The most arresting work of the week was Kapo’s #Performance. Though it also took place in the Basement studio, through the use of eye contact as well as direct address to audience members the performance produced an intimate atmosphere in which every action and utterance felt immediate, rich and profound. “Suck my bones!” Kapo casually said to their audience. “Roll my skin up.” Unfolding a sleeping bag, they took from it a series of metal rods that seemed to be components of a tent. Kapo manipulated these whilst telling a story, creating open and closed shapes, rudimentary structures, at one point they half-heartedly swung one around like a taiaha. Looking right at us they cajoled “Breathe!” We obeyed: each section of the audience made sure to audibly inhale and exhale as Kapo orchestrated our very bodies to enliven the space and provide them with a respiratory soundtrack. “You’re going to suck my bones dry, aren’t you?” they asked, half laughing. The little metal rods created black line drawings throughout the space; tent-like, they pointed to nomadic structures, ones created in provisional acts of settlement. A triangle formed by Kapo stood up like a maunga. I thought about how the frames of a tent are like the bones that Kapo kept mentioning, the draped plastic forms like skin. The narrative they told involved a friend being beaten to death, an incident made light of via its description as a kerfuffle. They tenderly hugged a large blue Swiss ball, telling it “I’ve got you…it’s OK” and in that moment they seemed to be attempting to soothe our broken planet. They then bore it upon their shoulder, kneeling like Atlas. “Breathe!” commanded Kapo again. Lying down upon the sleeping bag, Kapo pulled the material around them, covering their face so that it appeared to be a body bag. “Every journey has a good-bye,” they explained. 

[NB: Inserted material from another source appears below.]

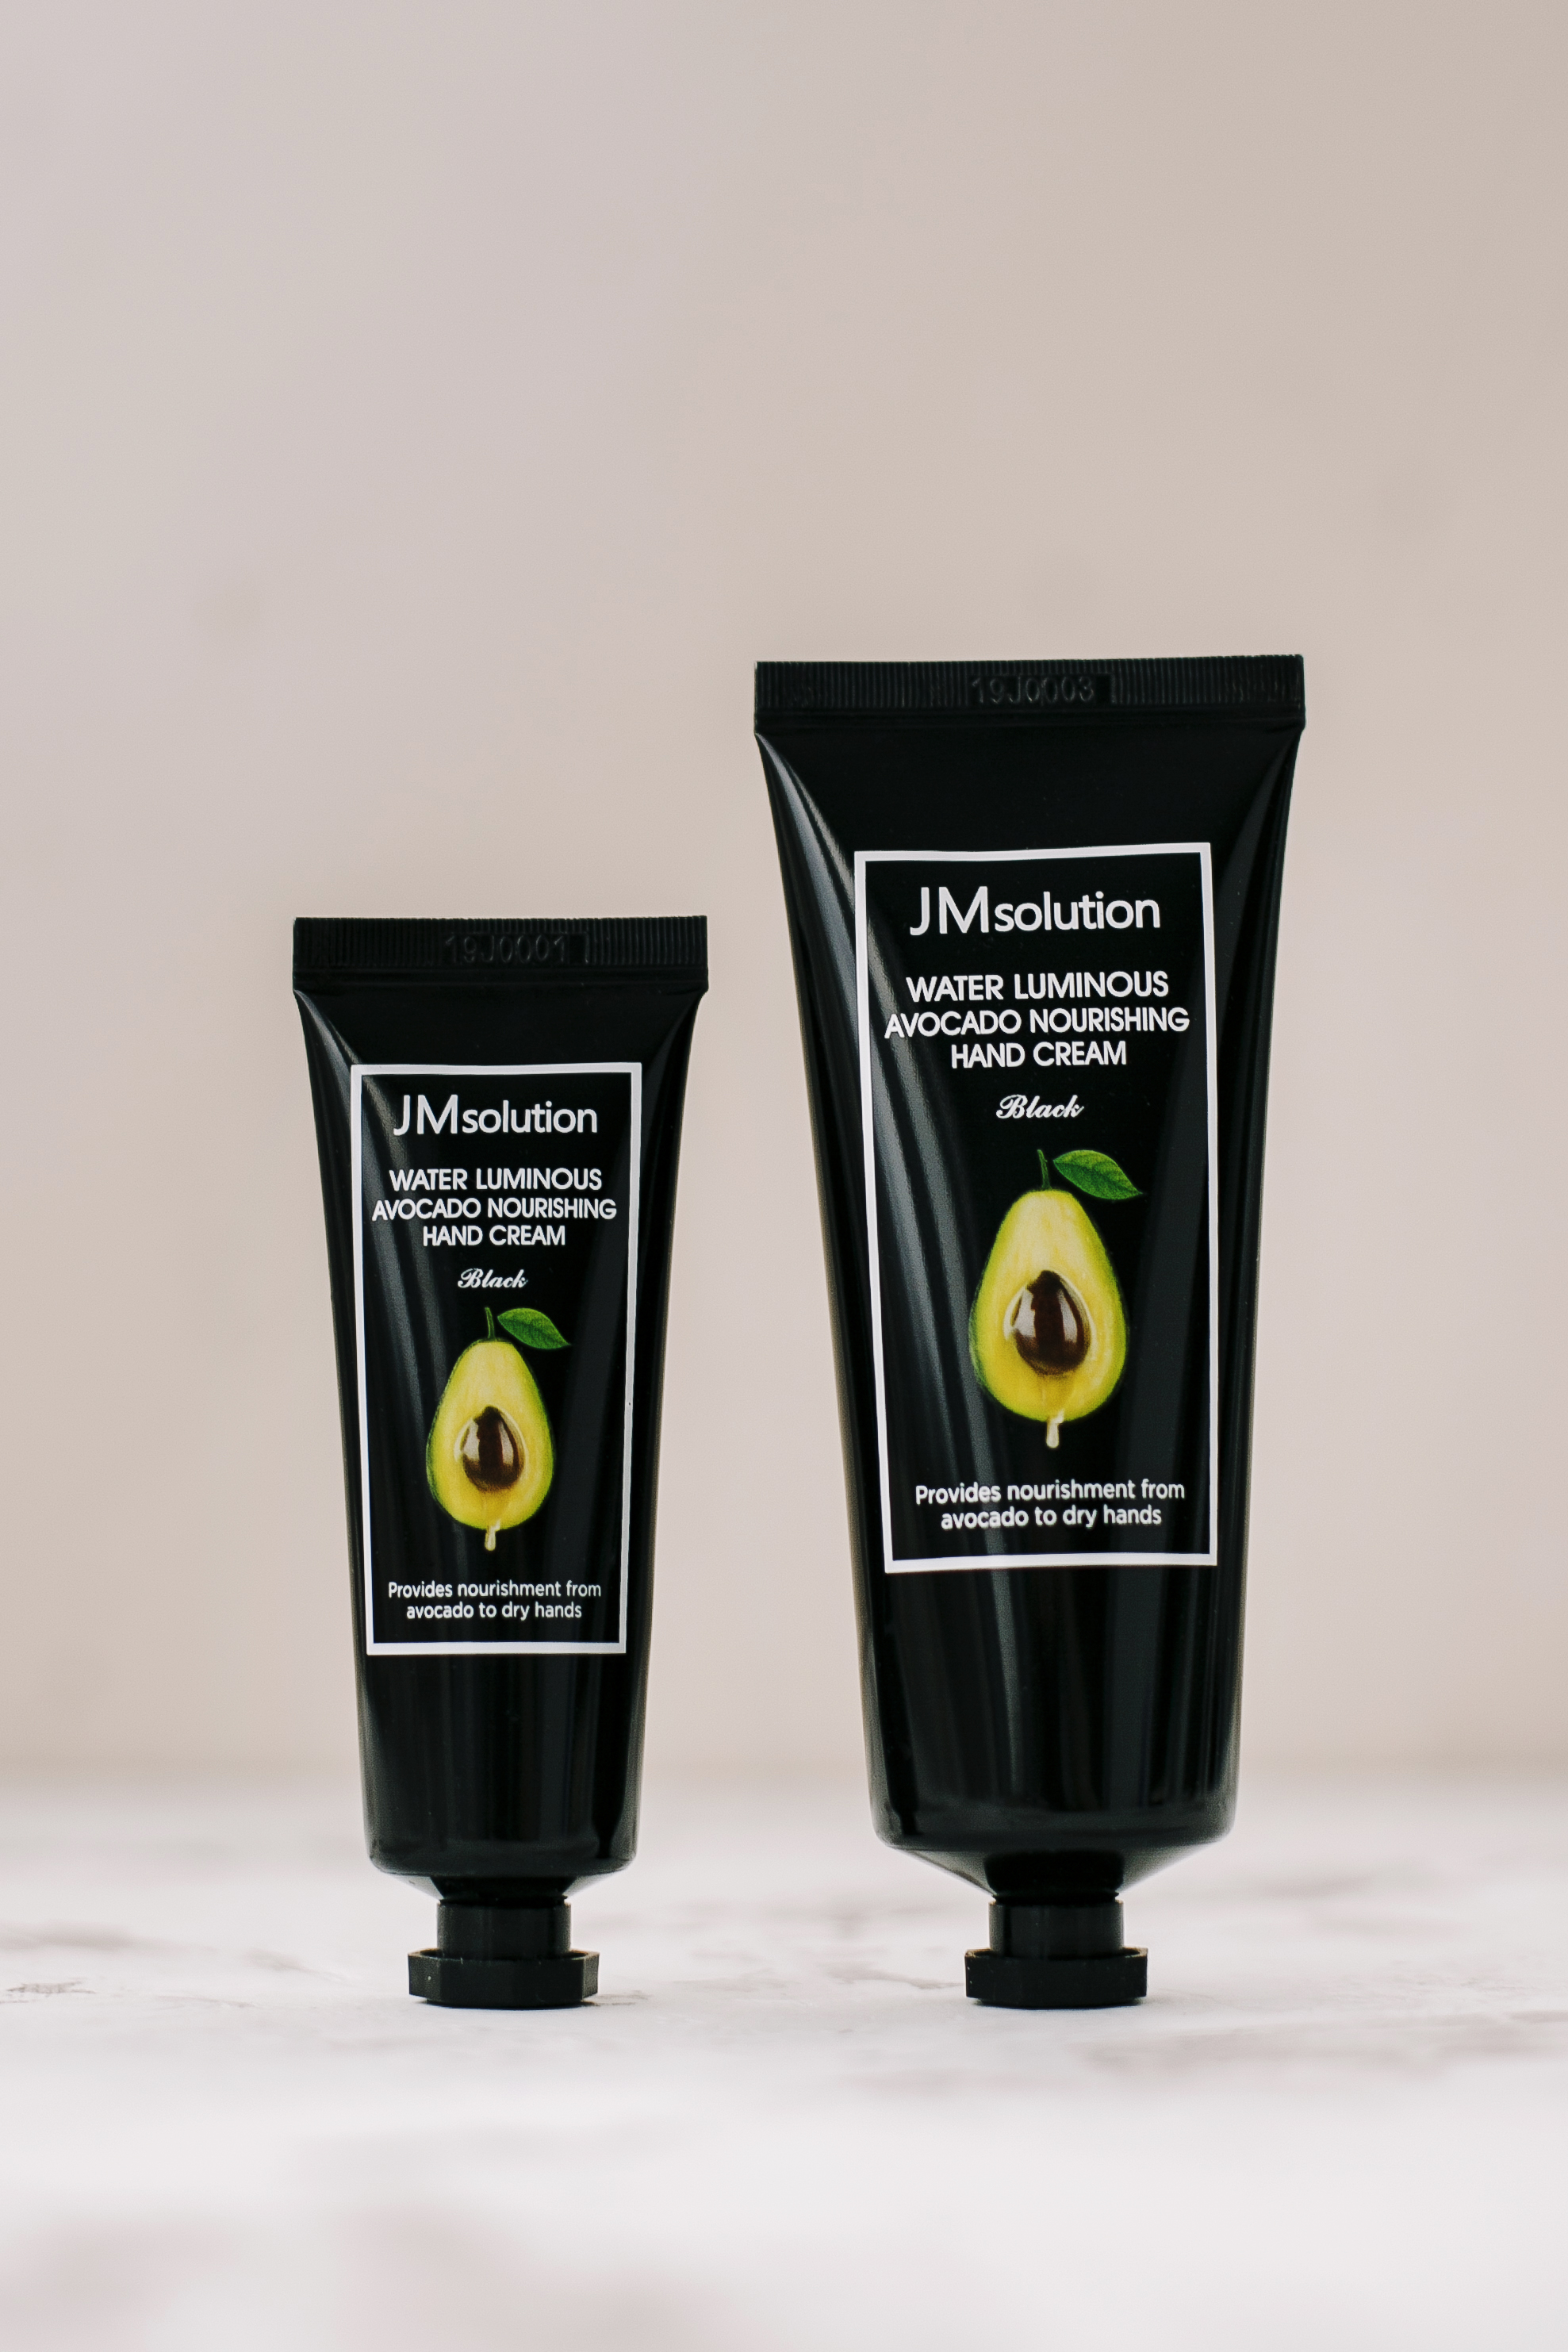 JM SOLUTION Water Luminous Avocado Nourishing Hand Cream 50ml+100ml

Resonating throughout all of these works was a sense of immanent collapse. Each performance seemed to be alluding to structures and environments that are either treacherous or in peril. A time of climate destabilisation requiring safety clothing and evacuations, an inherited economic system that seems untenable, a city in which service and assistance seem foreign, a series of delicate ecologies teetering towards imbalance, a world of discarded and wasted objects, planning and architecture that seems to dictate heteronormativity, the ubiquity of war, a nation deeply wounded by colonisation and a slowly dying planet. On the other hand, Experimental Dance Week temporarily brought together experimental practitioners in an attempt to create an atmosphere of support, empathy, solidarity and conviviality.

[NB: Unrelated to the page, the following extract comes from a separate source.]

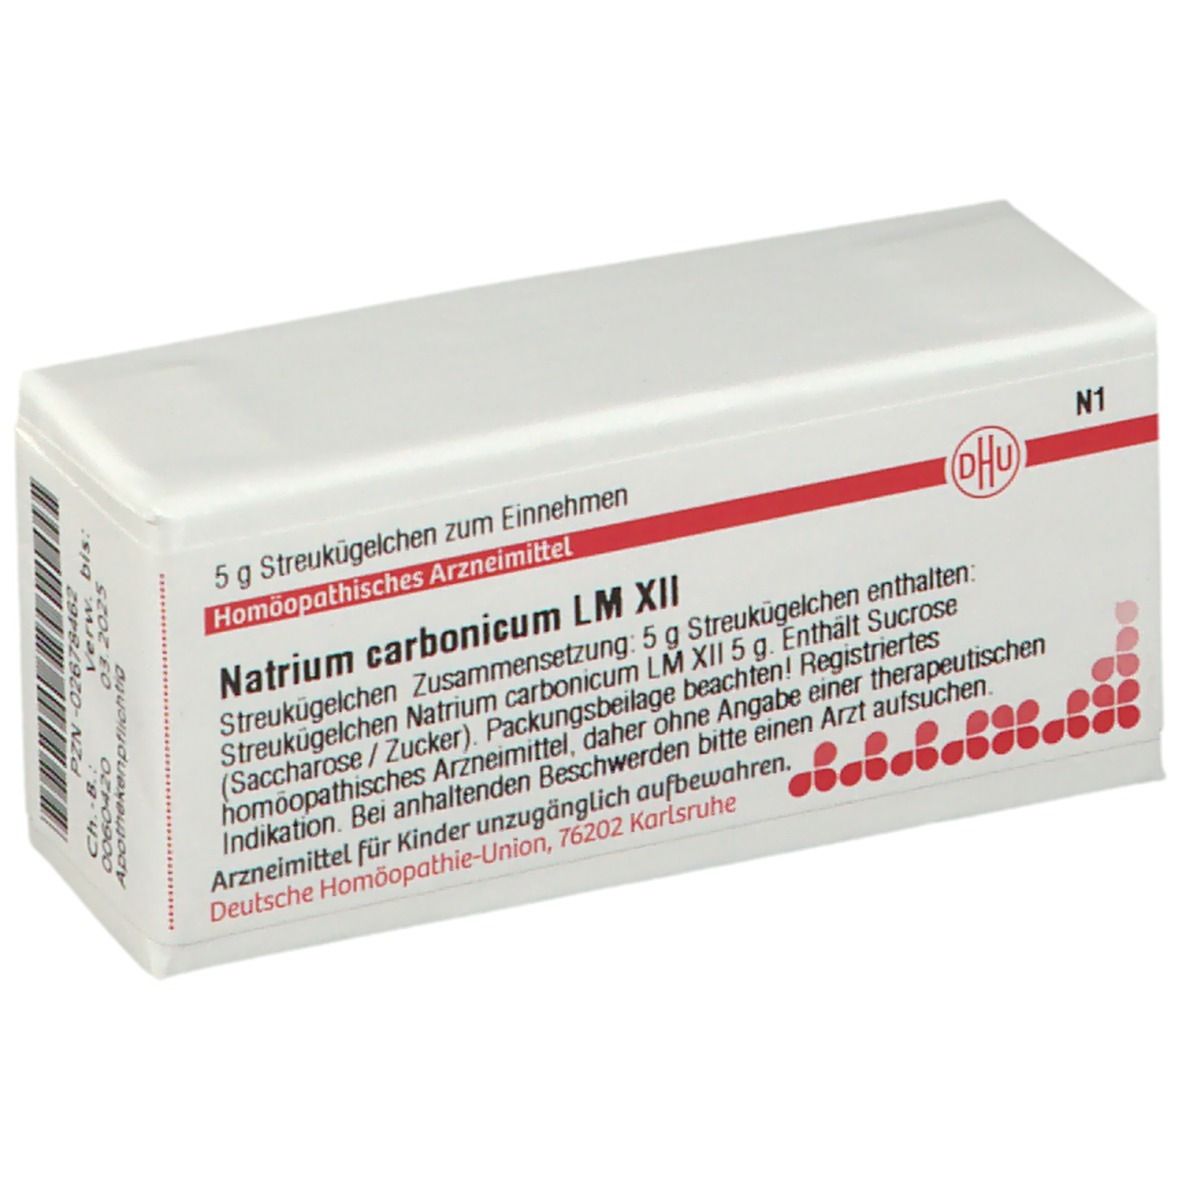 DHU Natrium Carbonicum LM XII

The seven days of Experimental Dance Week were relentless, each filled with a plethora of events including book launches, talks, workshops, pop-ups and performances. As if anticipating this excess, Houghton installed Post show recovery: After Show Recovery Portal in the Basement’s foyer. A small tent was cushioned with blankets and equipped with an LED chandelier, as well as two bright yellow lilos on which to recline. A sign at the entrance read: “Please feel free to enter the portal with a friend or artist or someone you don’t know for some gentle sounds from Te Wai Horotiu, the underground stream that flows under Queen St.” Lying on the lilo, listening to the sound of a stream, with closed eyes, I contemplated the nearby body of water, secret, invisible yet present. I felt sleepy, exhausted and content to perform the role expected of me and acquiesce to Houghton’s commands. For a moment I completely abandoned myself to experimental dance. 

 

[i] David Hall. “Admit Nothing: Mapping Denial” in Reading Room: A Journal of Art and Culture 8 (Politics in Denial 2018): 82.

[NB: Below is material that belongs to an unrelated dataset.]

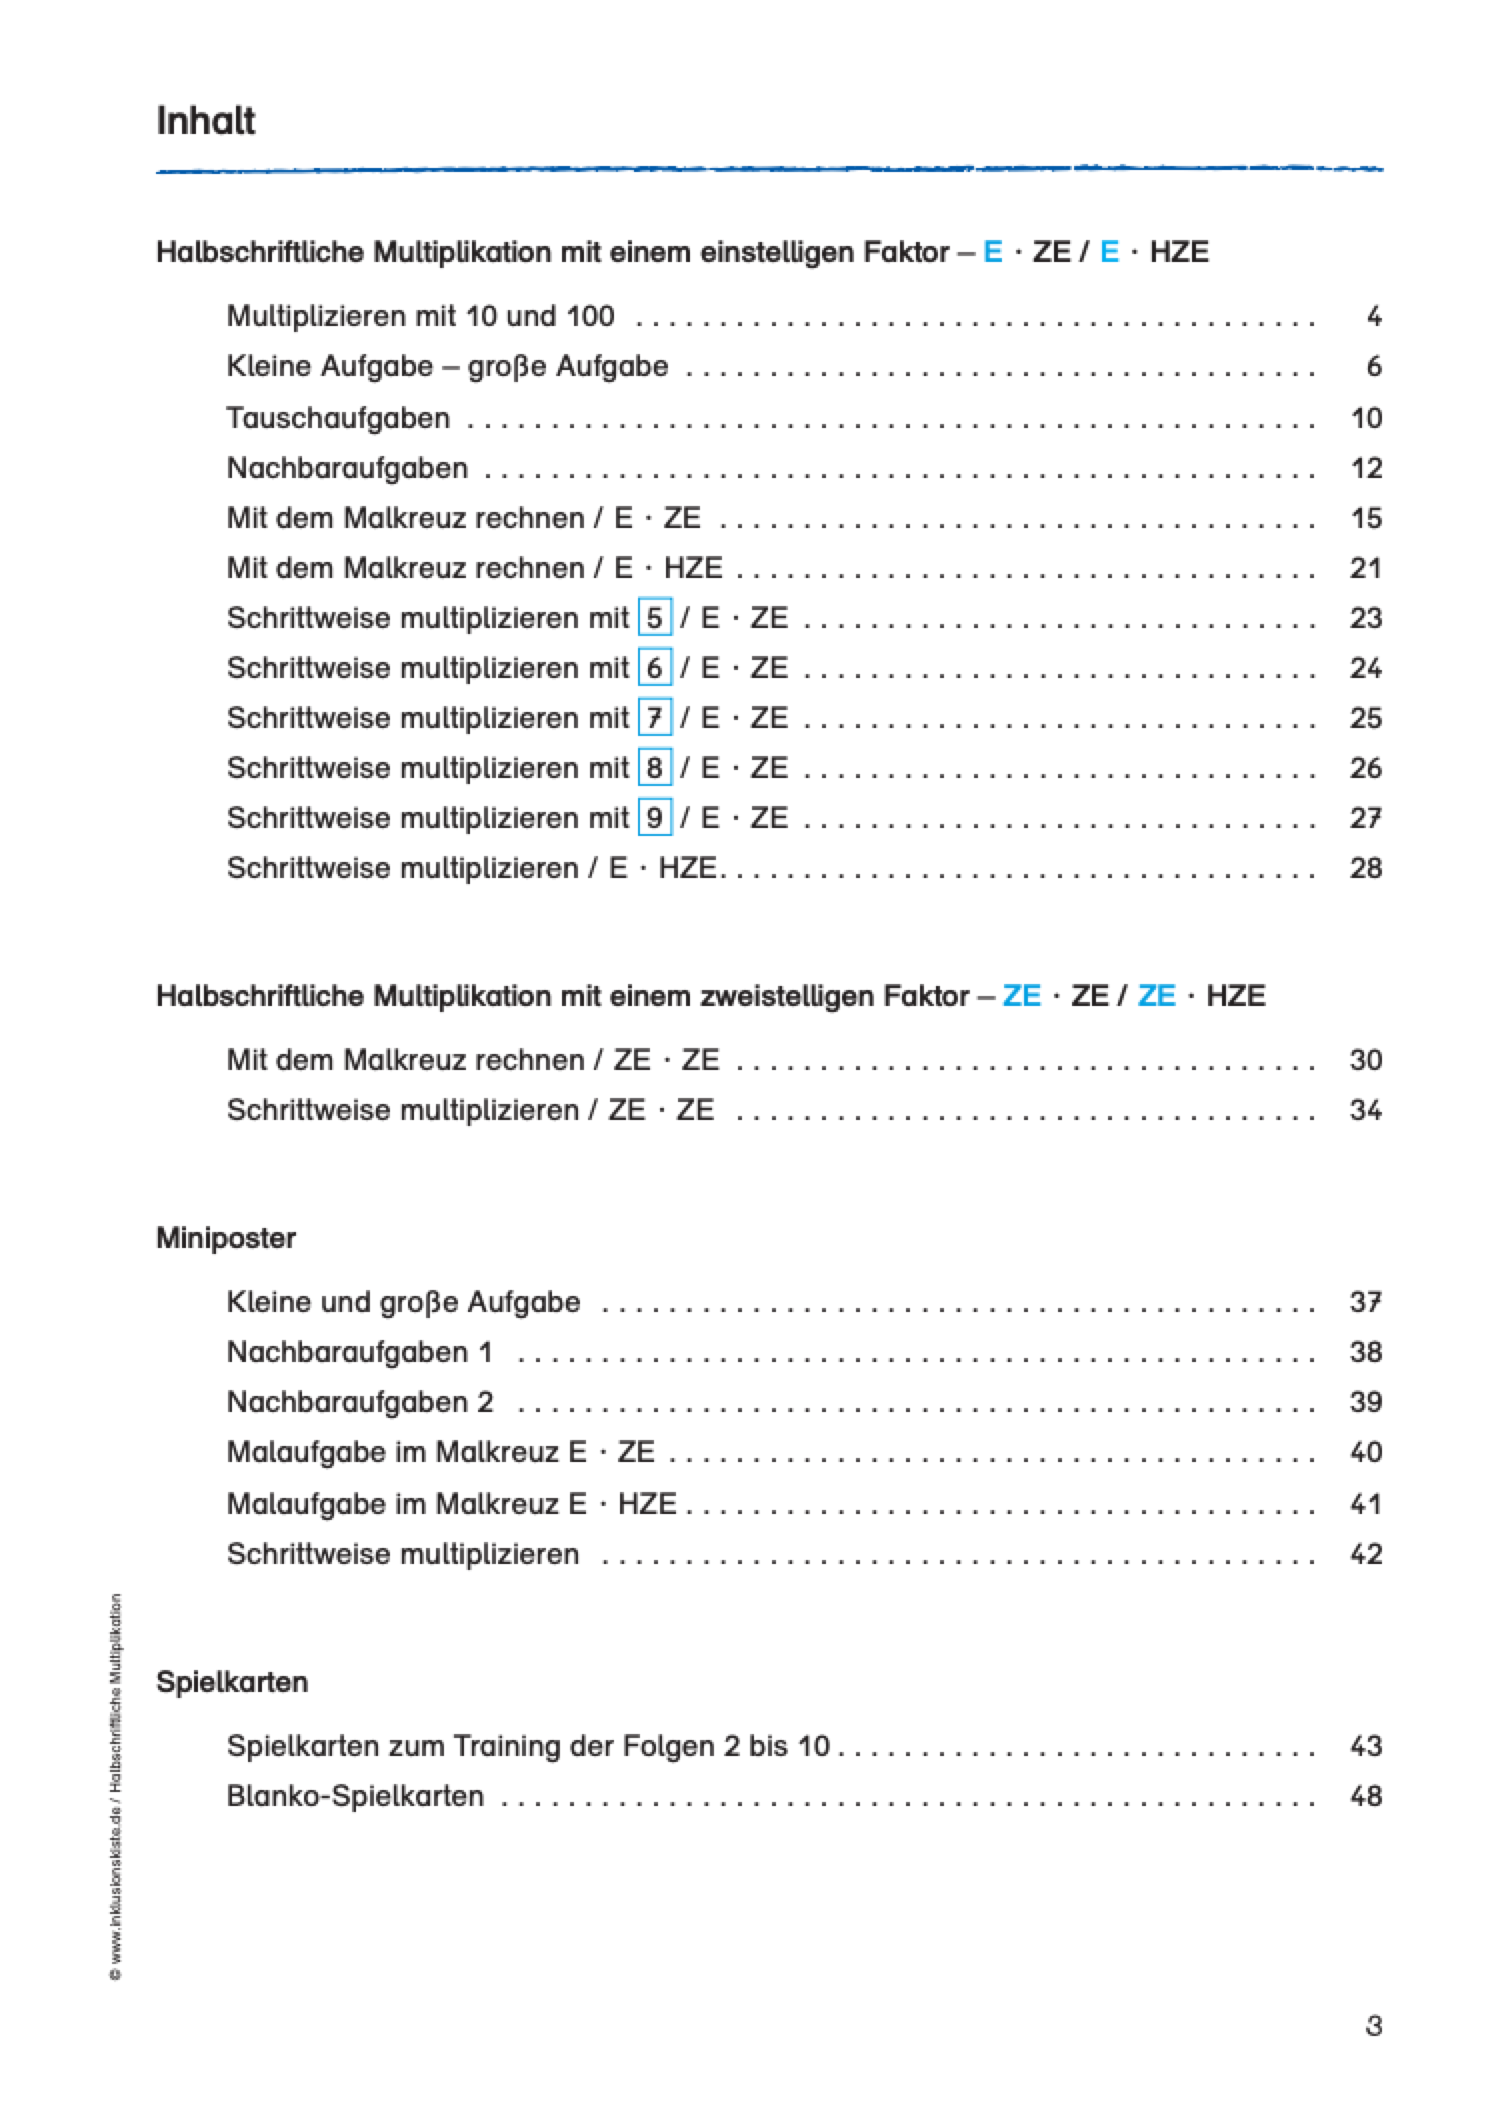 Halbschriftliche Multiplikation / E-BOOK

[ii] Additional information for this section was taken from Alys Longley, “Mistranslation as Method in Artistic Research” (publication forthcoming).

[iii] André Lepecki, “Imaginations, Speculations, Penumbral Vagrancies: Dance as un-doing of neo-liberal dis-experience” at the Undisciplining Dance symposium, 30 June – 2 July 2016, Dance Studies, National Institute of Creative Arts and Industries, The University of Auckland.